The report notes that U.S. companies have particularly abused
their power in Central American countries through the pernicious Investor-State
Dispute Settlement program, which allows such companies to overturn any local
law that affects their profits, in effect “Such lawsuits can be financially
devastating to poor countries that already struggle to provide basic services
to their people, much less engage in costly court battles with multinational
firms. They can also prevent governments from making democratically accountable
decisions in the first place, pushing them to prioritize the interests of
transnational corporations over the needs of their citizens.”
This includes U.S. interests in mining production. One-third
of the entire territory of Guatemala and Honduras is devoted to unregulated
mining, with toxic effects to the environment and the population. Countries
like El Salvador and Costa Rica, which have put up a brave face before the U.S.
foe, have been sued by U.S. companies through various international “dispute”
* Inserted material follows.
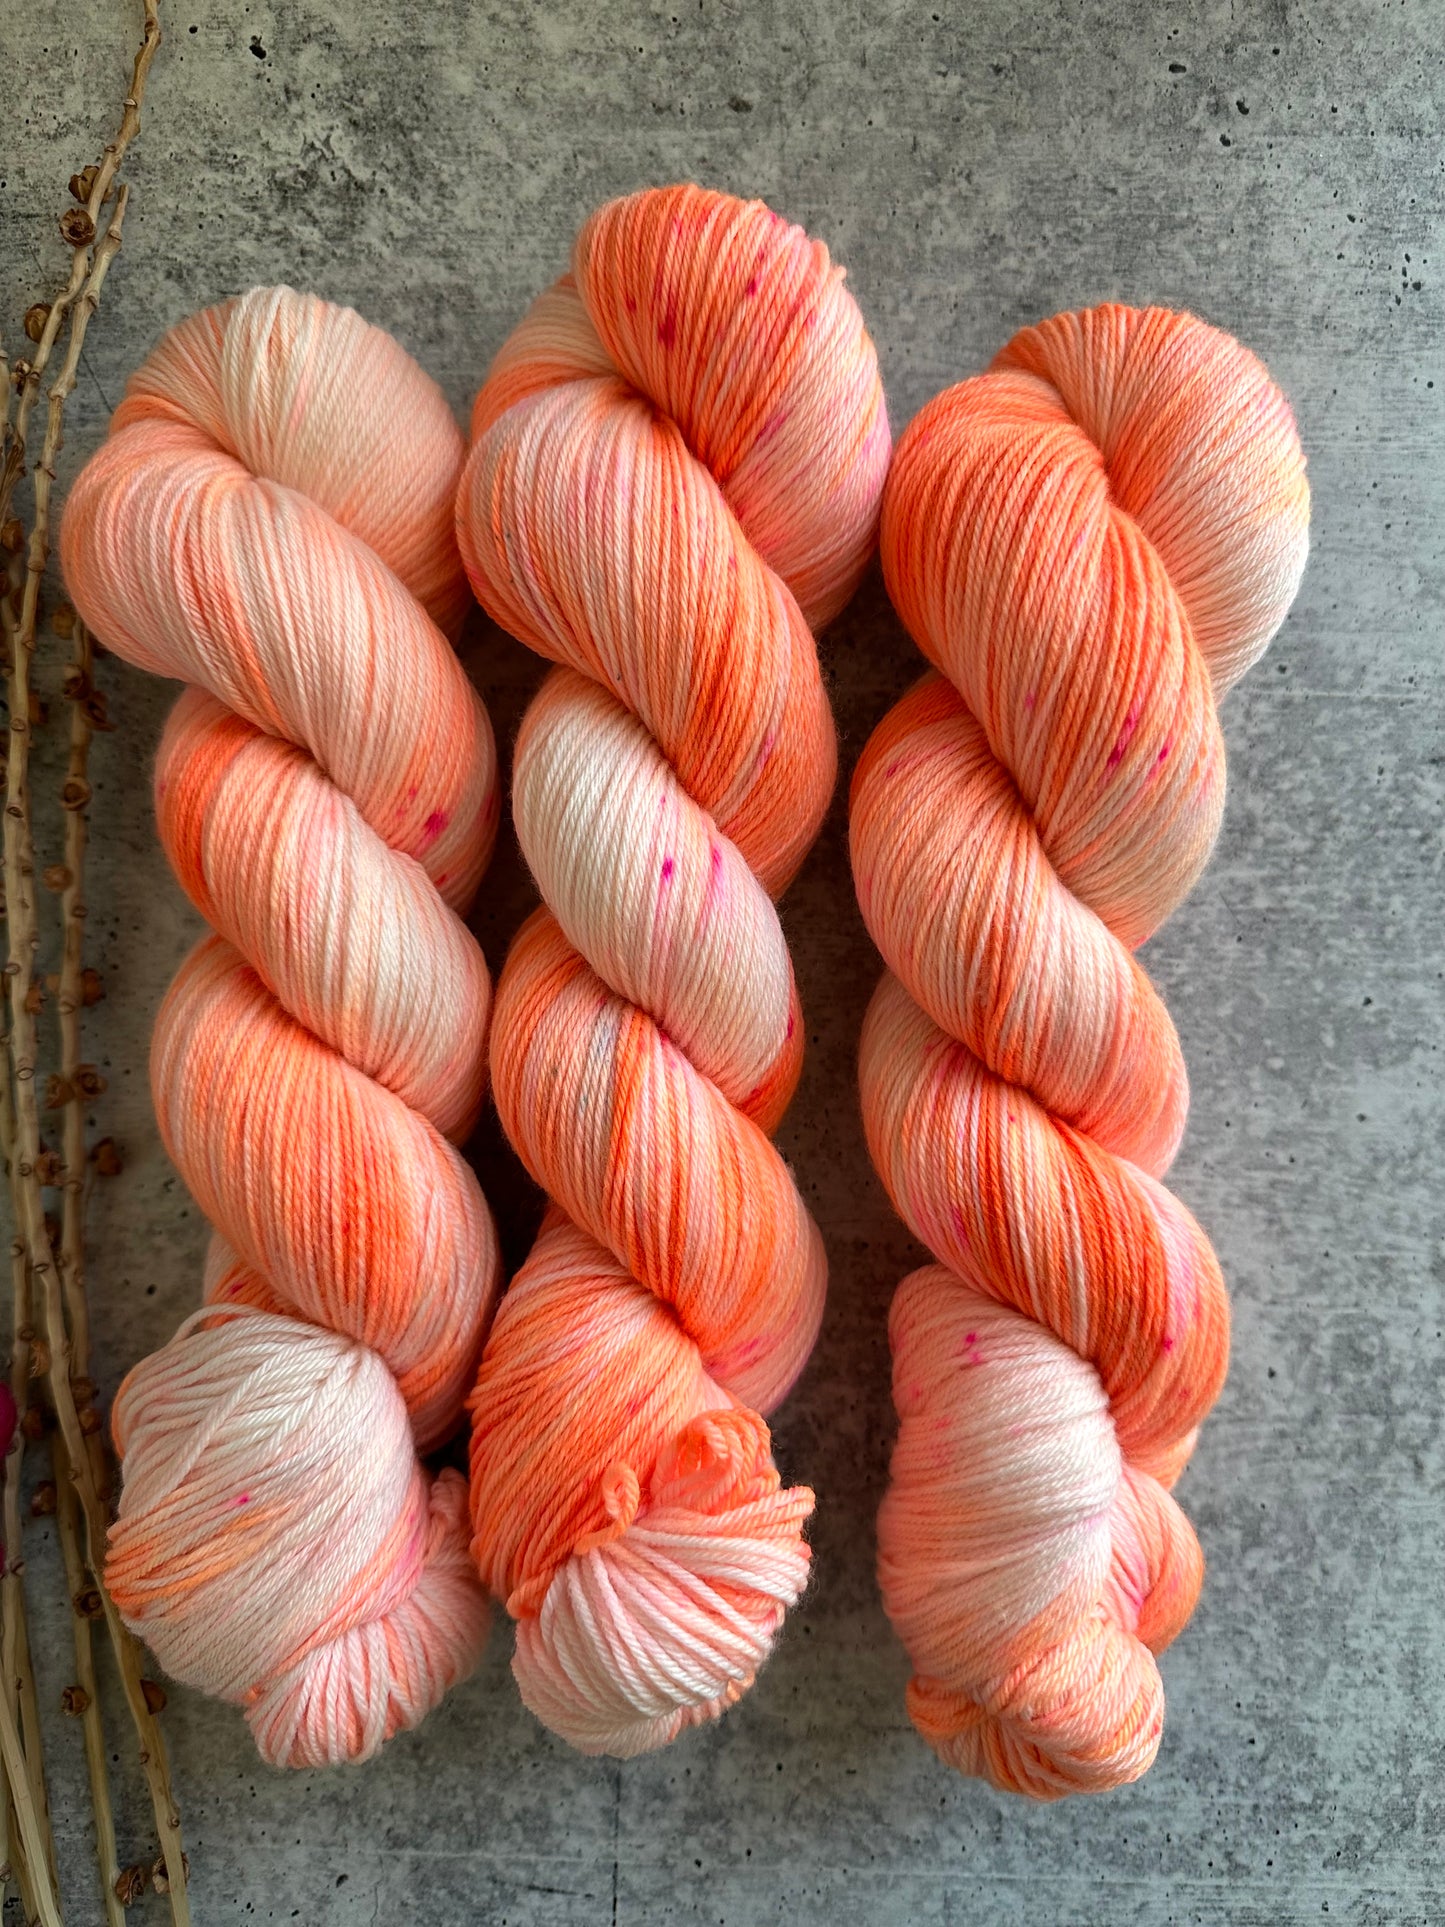 How Did I Know That? 100g Skein

mechanisms to overturn environmental and labor rules in those countries. While most
of these suits have not been successful, they have cost El Salvador and Costa Rica
millions in ill-afforded dollars. When such suits are successful, the
arbitrary unfairness of them is palpable, as the Focus report notes:
TECO Guatemala
Holdings, a U.S. corporation, alleged in 2009 that Guatemala had wrongfully
interfered with its indirect subsidiary’s investment in an electricity
distribution company. Specifically, TECO charged that the government had not
protected its right to a “minimum standard of treatment”— an exceptionally
vague standard that is open to wide interpretation by the international
tribunals that rule on such cases — concerning the setting of rates by government
regulators. In other words, TECO wanted to charge higher electricity rates to
Guatemalan users than those the state deemed fair. Guatemala had to pay $21.1
million in compensatory damages and $7.5 million in legal fees, above and
beyond what it spent on its own defense.
It goes on and on. Last year, the journal Foreign Policy noted
that the U.S.—which is principally at fault for the violent street gang problem
in Central America, as it is the “incubator” of those gangs before “deporting”
the problem elsewhere—has done little to reign in its rogue corporations or
help the economies of those countries in stable job creation, which “free trade”
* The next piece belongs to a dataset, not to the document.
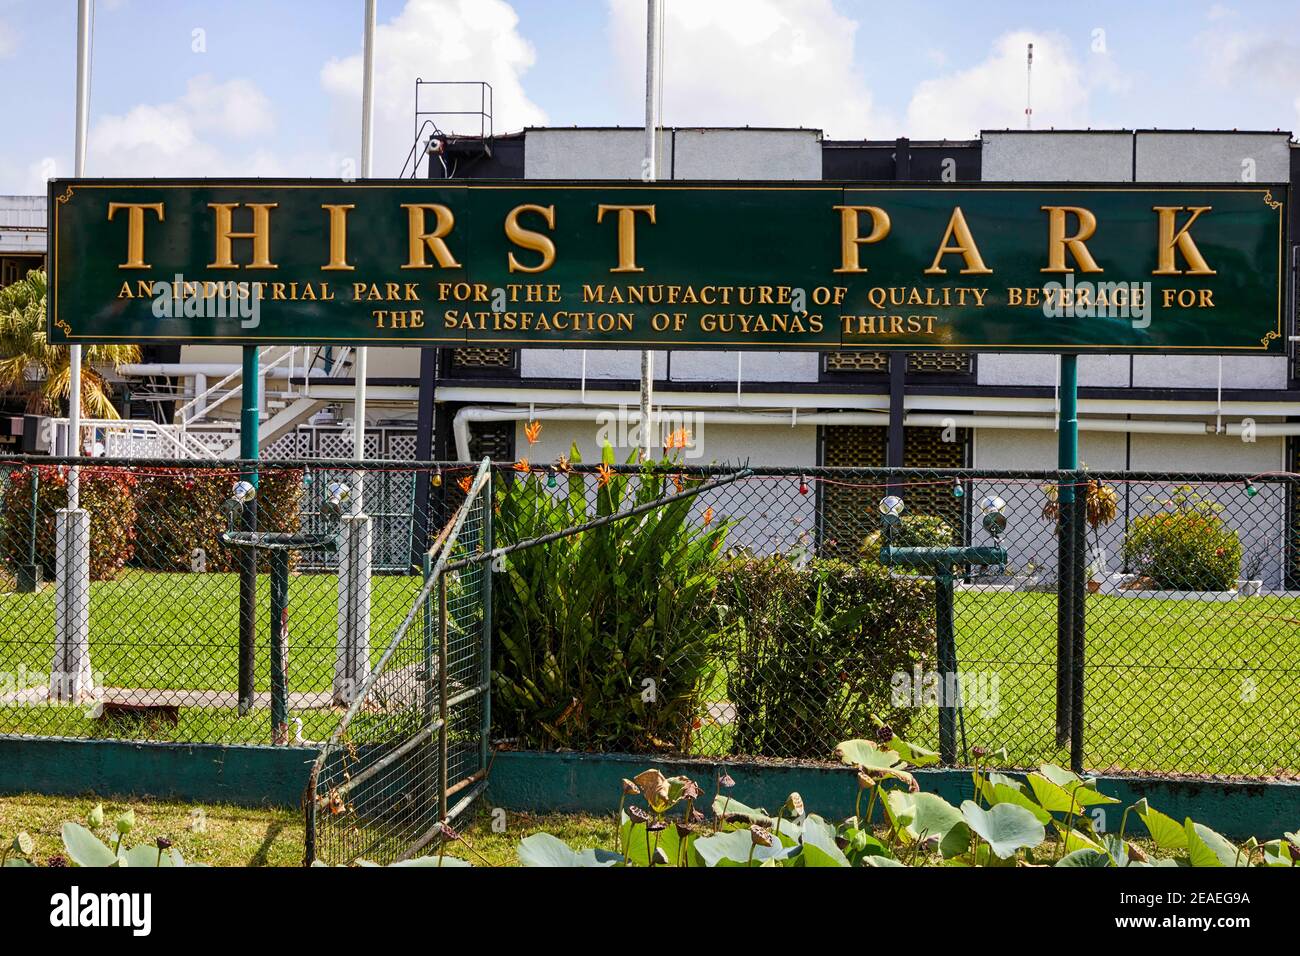 Thirst Park, Banks DIH Limited à Georgetown, Banks Beer Producation Facility, Guyana Banque D'Images

was supposed to do. A 2015 AFL-CIO report noted the devastation of small subsistence
farming wrought by CAFTA, not just by U.S. imports but by the shift to “corporate
plantations” to compete in the global market. Small farmers thrown out of work
have not—like they have in Mexico—been able to find anything but the lowest
paying work without any rights whatever, save to breath and work under intolerable
conditions. The government of Honduras has been remarkably complicit in this;
in 2013 its so-called Supreme Court allowed a law that gave foreign
corporations sovereign control over all territory their businesses were
situated on.
Thus it is no “coincidence” that the large migrations from
Central America began in earnest since the CAFTA agreement promulgated during
the Bush administration. The U.S.’ failure to reign-in abusive U.S.
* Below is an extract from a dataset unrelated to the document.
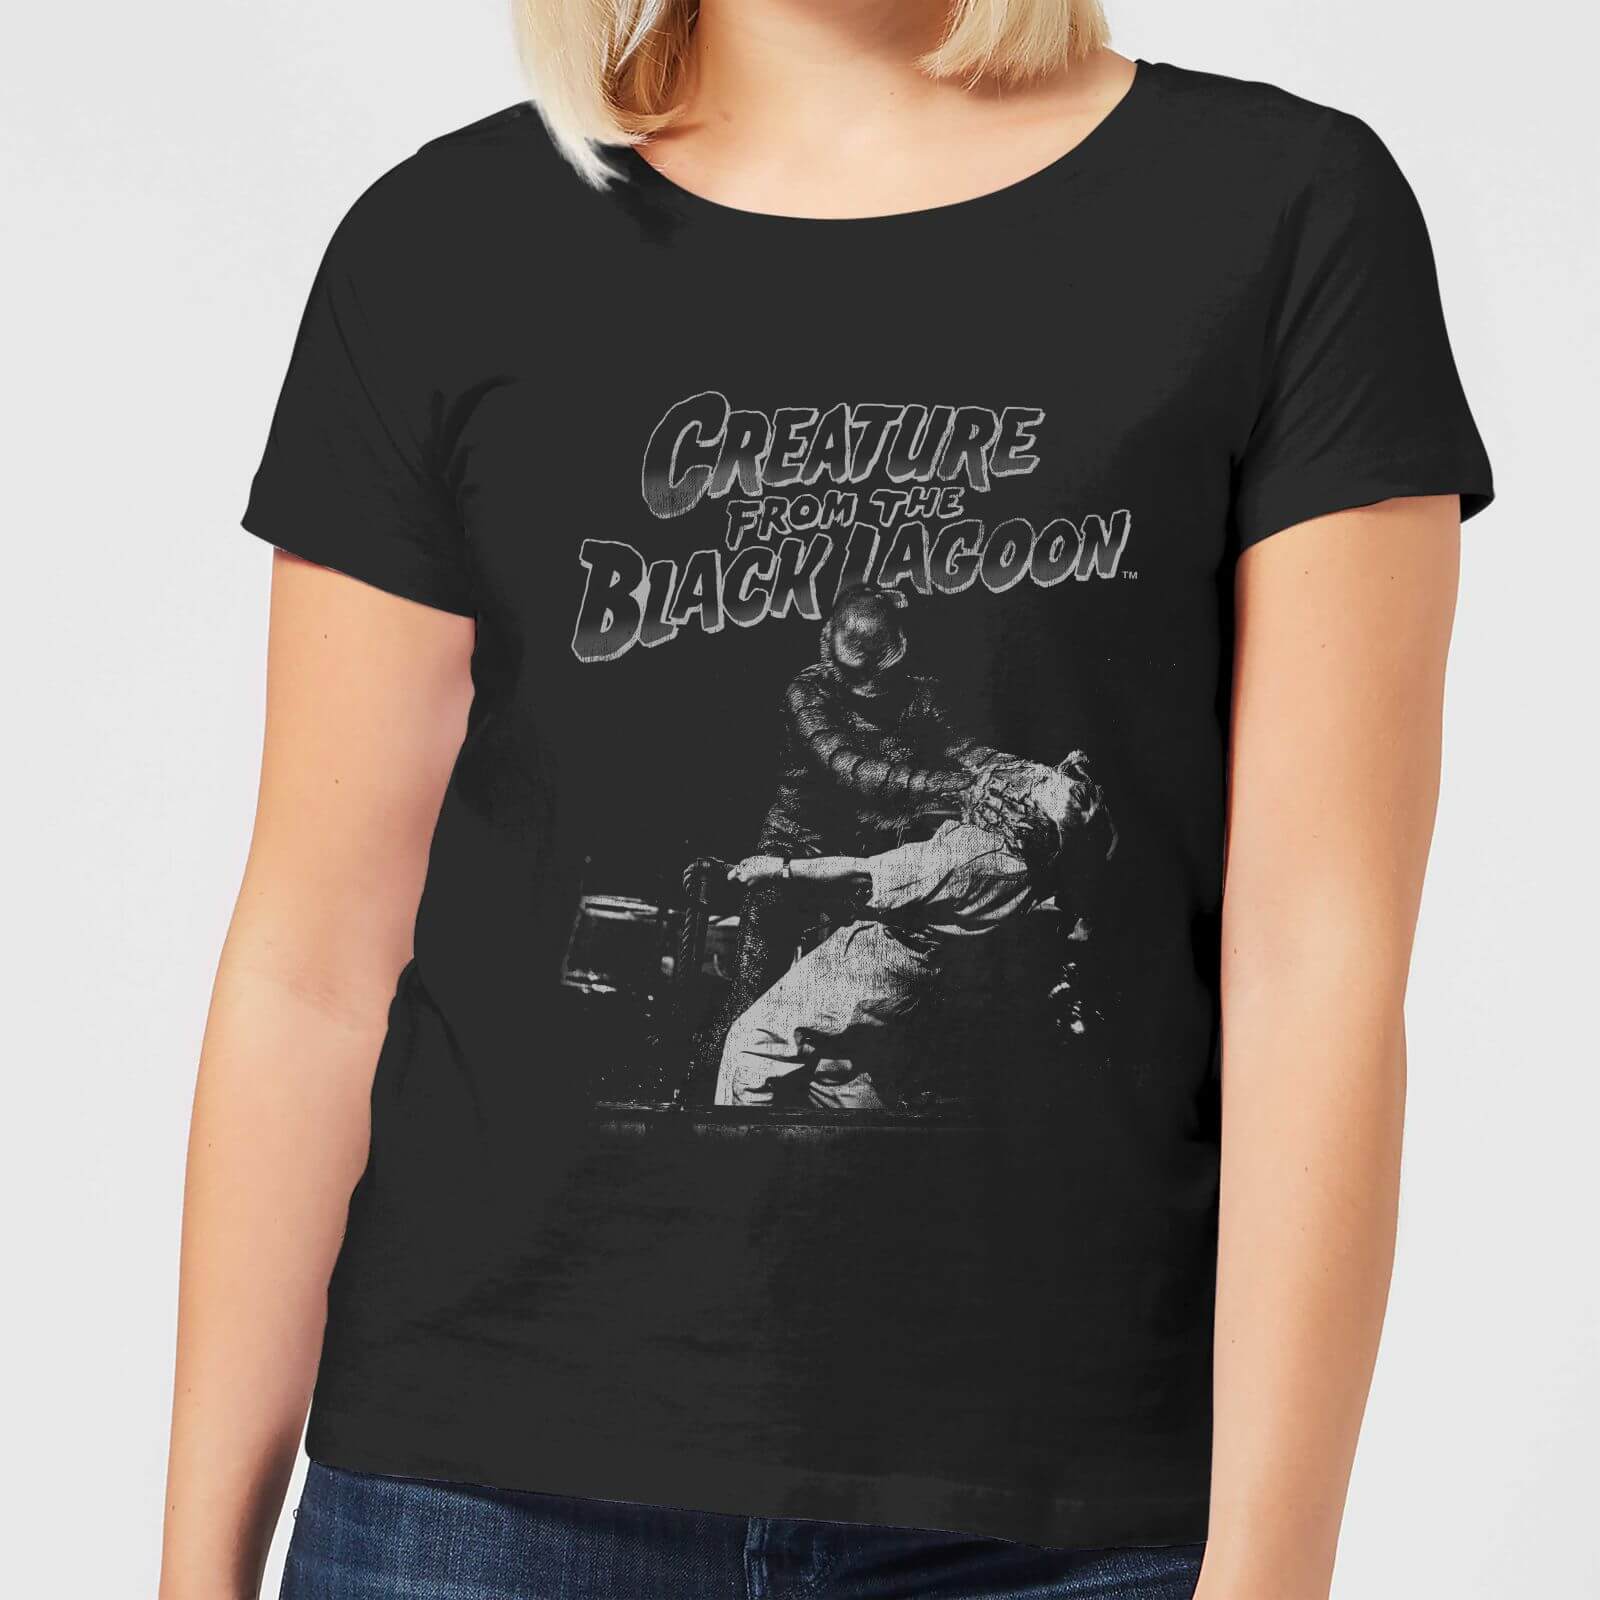 Universal Monsters Creature From The Black Lagoon Black and White Women's T-Shirt - Black - 4XL - Black

corporations and insure that native workers are provided living wages, and the continuing
U.S. policy of deporting U.S.-nurtured gangs to ravage communities and drive
out small businesses, is the principle reason for the so-called “invasion.” The
U.S. needs to come to its senses and realizes that it is not its own interests to continue to overlook its culpability in a border “crisis” largely
of its own making. This “crisis”—which
began in 1965 with an immigration law which for the first time put a cap on
legal immigration from Latin America, and the 1986 law which “criminalized”
undocumented labor—will not only continue but become worse if the U.S.
criminally turns its back on what it has wrought.